Published:December 08, 2008DOI:https://doi.org/10.1016/j.biopsych.2008.10.019

      Background

      Although the ability to adaptively reflect on negative autobiographical experiences without ruminating is critical to mental health, to our knowledge no research has directly examined the neural systems underlying this process.

      Methods

      Sixteen participants were scanned using functional magnetic resonance imaging (fMRI) as they focused on negative autobiographical memories using cognitive strategies designed to facilitate (feel strategy) versus undermine (analyze and accept strategies) rumination.

      Results

      Two key findings were obtained. First, consistent with prior emotion regulation research using image-based stimuli, left prefrontal activity was observed during the implementation of all three strategies.
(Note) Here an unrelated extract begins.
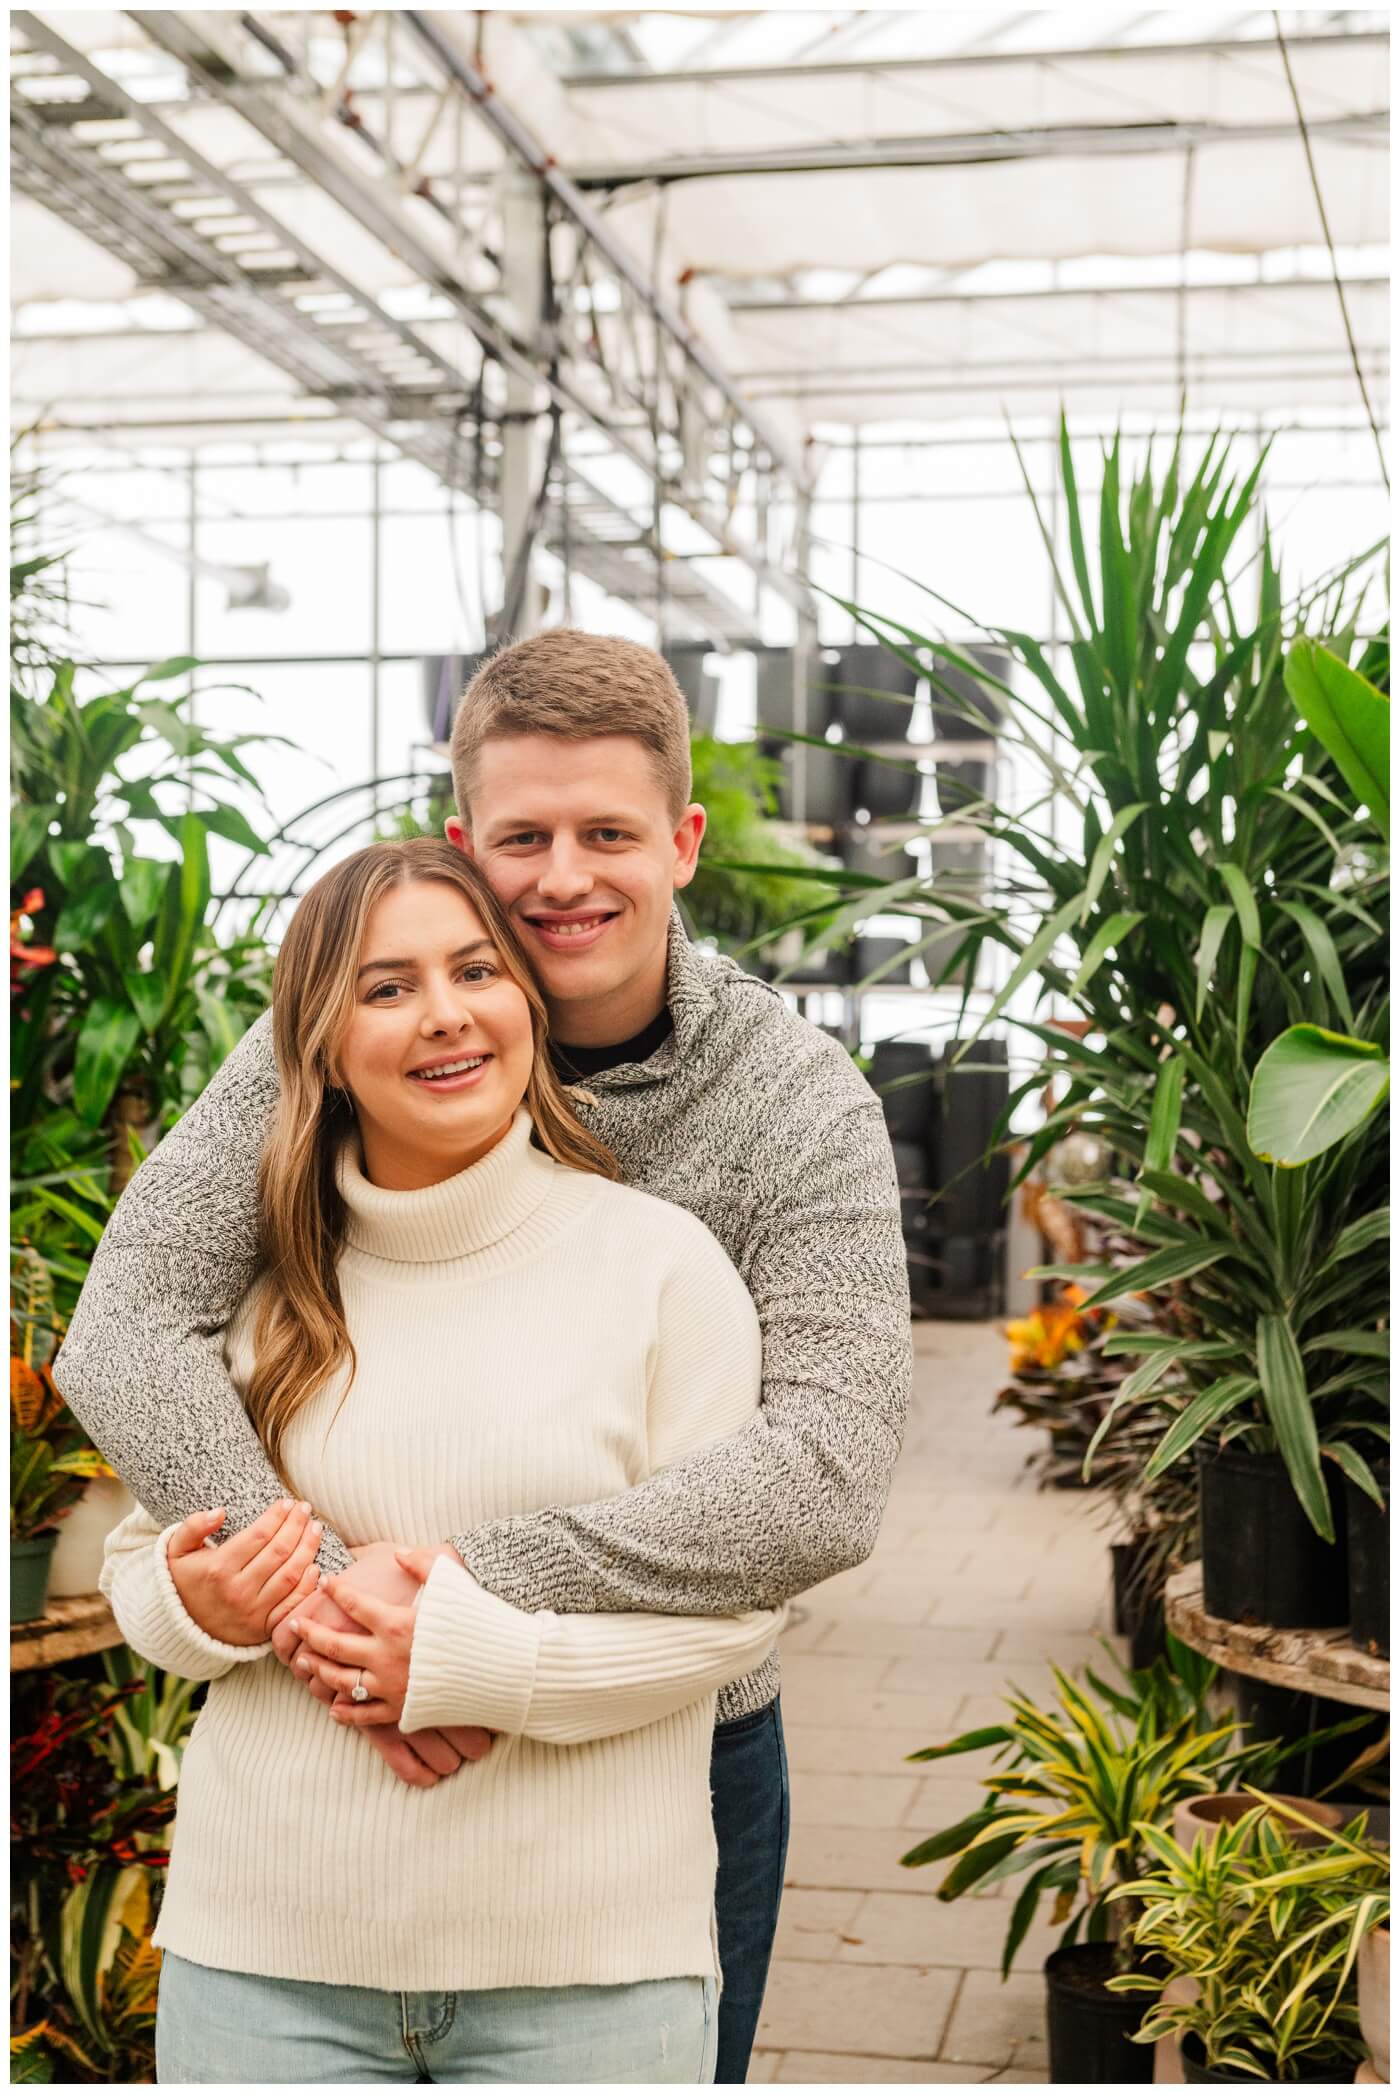 Michael & Briana - Engagement Session - 18 - Dutch Growers - Couple posing in greenhouse

Second, activity in a network of regions involved in self-referential processing and emotion, including subgenual anterior cingulate cortex and medial prefrontal cortex, was highest in response to the feel strategy and lowest for the accept strategy. This pattern of activation mirrored participants' self-reports of negative affect when engaging in each strategy.

      Conclusions

      These findings shed light on the brain regions that distinguish adaptive versus maladaptive forms of reflecting on negative autobiographical memories and offer a novel, ecologically valid route to exploring the neural bases of emotion regulation using fMRI.